I suspect John Newton knew the sweet sound of amazing grace in a mighty way, else how could he have penned such enduring words. They are autobiographical words. You see, John Newton felt like a wretch. Born into a respectable family with an early Christian upbringing, at age eleven he was sailing the high seas with his father, and by the time Newton was seventeen, he had laid aside every religious principle and abandoned himself to the service of the devil. He became a deserter and was arrested as a common felon, and at times throughout his life, contemplated suicide. He began service among the slave traders of Sierra Leone, and the shame of his actions drove him to “hide myself in the woods from the site of strangers,” and he believed that “my conduct, principles and heart were still darker than my outward condition.”
Then on March 10, 1748, during a violent storm on a slaver to England, a storm as violent as the night’s, broke across his soul. That date became Newton’s spiritual birthday. Newton would write, “I cried to the Lord with a cry like that of the ravens which yet the Lord does not disdain to hear. And I remembered Jesus whom I had so often derided.”
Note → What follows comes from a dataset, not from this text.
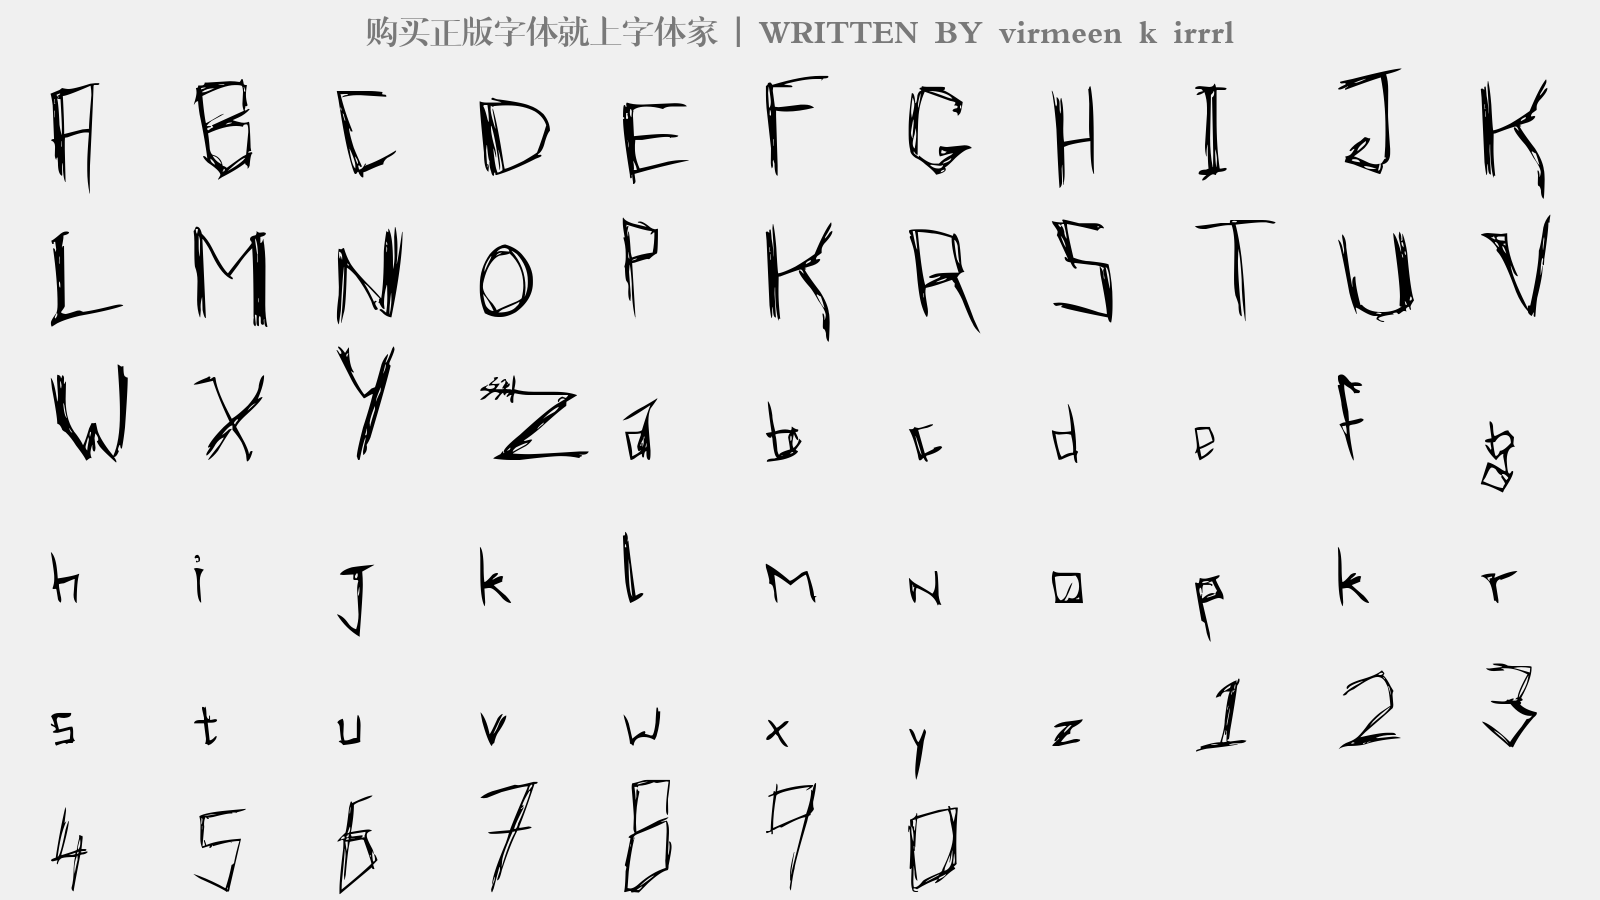 virmeen k irrrl - 大写字母/小写字母/数字
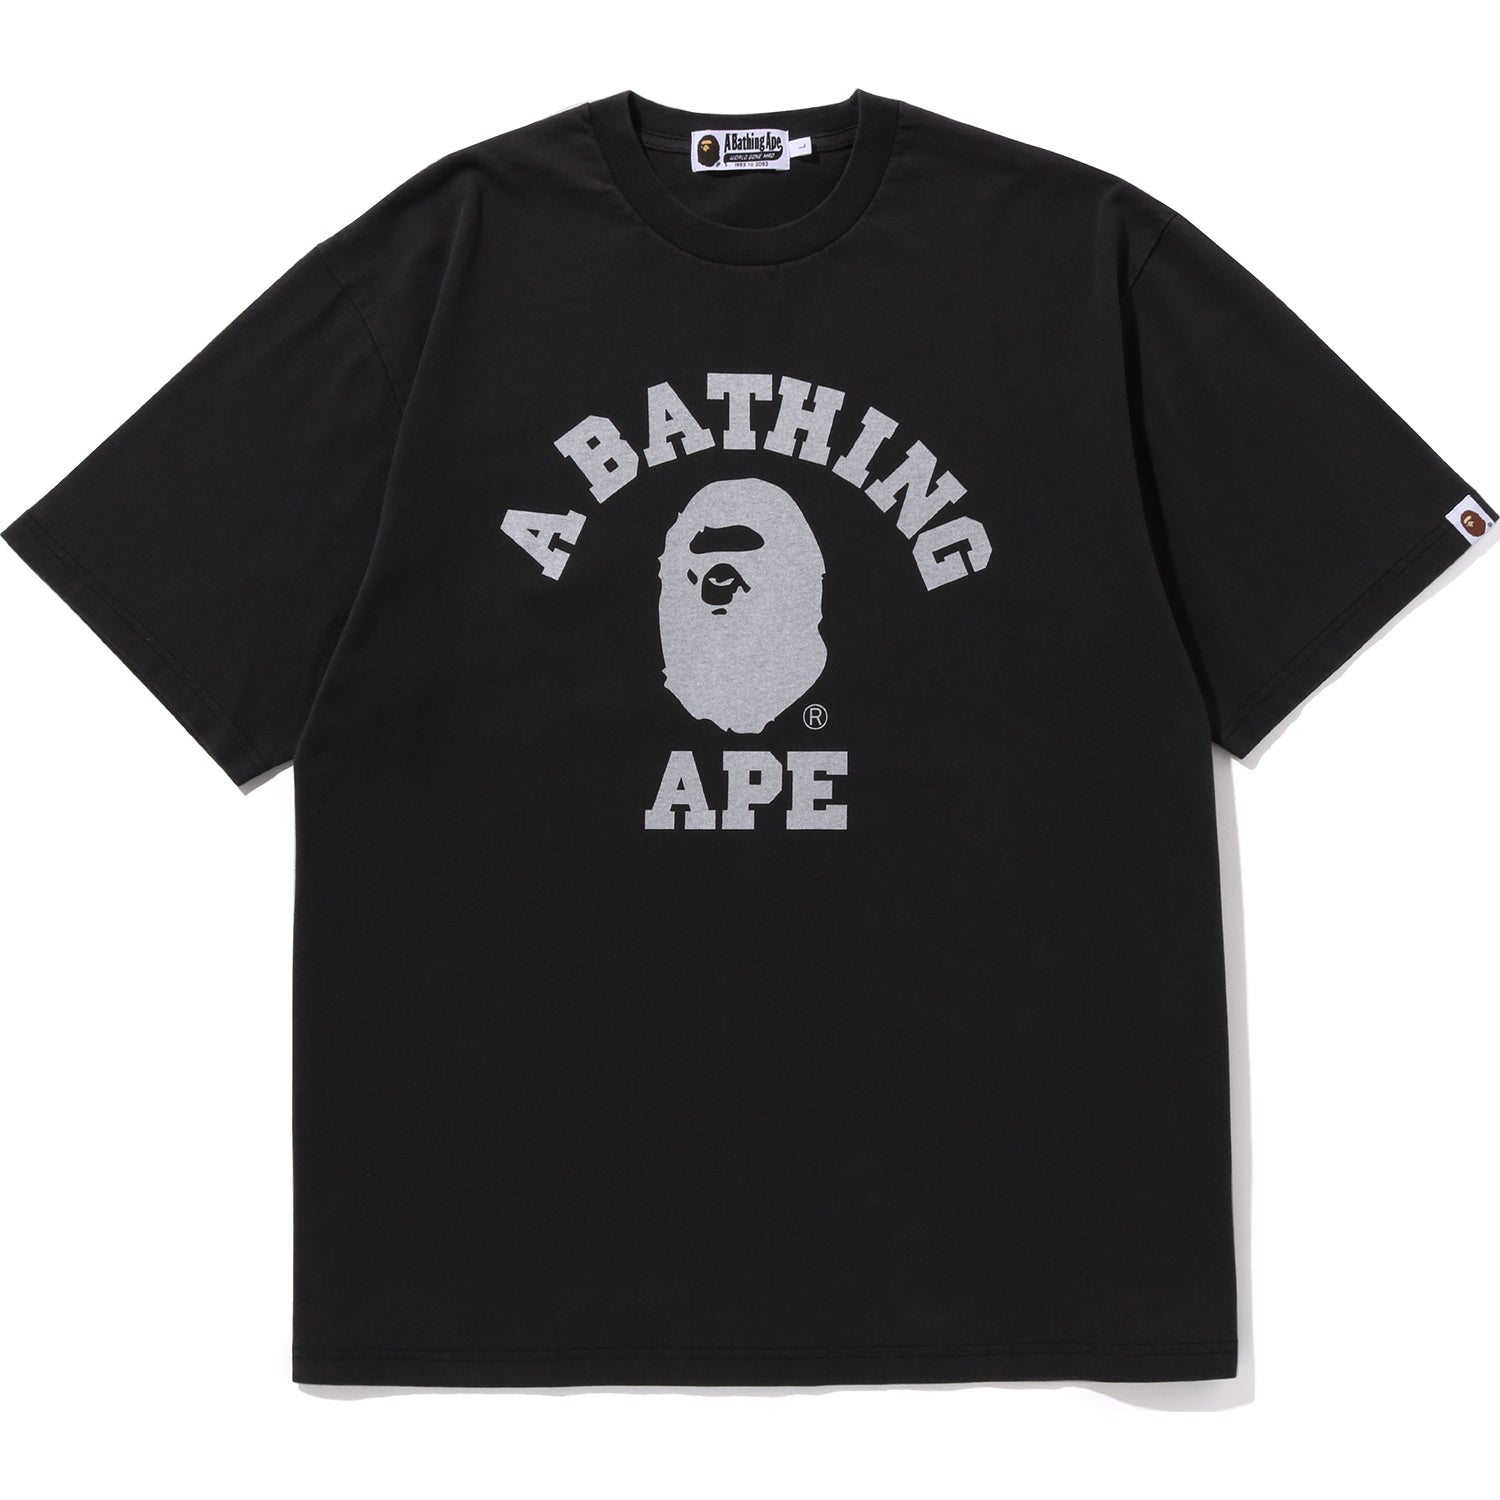 A BATHING APE® – us.bape.com

Sixteen years later, Newton was ordained a priest in the Church of England at Olney, England. It was there, in collaboration with the great hymn writer William Cowper, that they published a hymnal they called Olney Hymns. Number forty-one, of Book I, contained these words:
Amazing grace! How sweet the sound!
That saved a wretch like me!
I once was lost, but now am found;
Was blind but now I see.
Newton, writing his own epitaph before his death on December 21, 1807, at the age of eighty-two, reveals how far God’s amazing grace had brought him:
JOHN NEWTON, Clerk
Once an infidel and libertine
A servant of slaves in Africa,
Was, by the rich mercy of our Lord and Saviour
JESUS CHRIST,
restored, pardoned, and appointed to preach
the Gospel which he had long laboured to destroy.
He ministered,
Near sixteen years in Olney, in Bucks,
And twenty-eight years in this Church.
Grace never stops working. That is what we believe as United Methodists. Over the next three weeks, we will look deeper into this thing called amazing grace, and discover how God’s grace works in our lives on this journey we call salvation. For the grace of God finds us (we call that prevenient grace), and that same grace reconciles us (we call that justifying grace), and that same grace transforms us (we call that sanctifying grace), and in the words of John Newton, it is that “grace will lead me home”.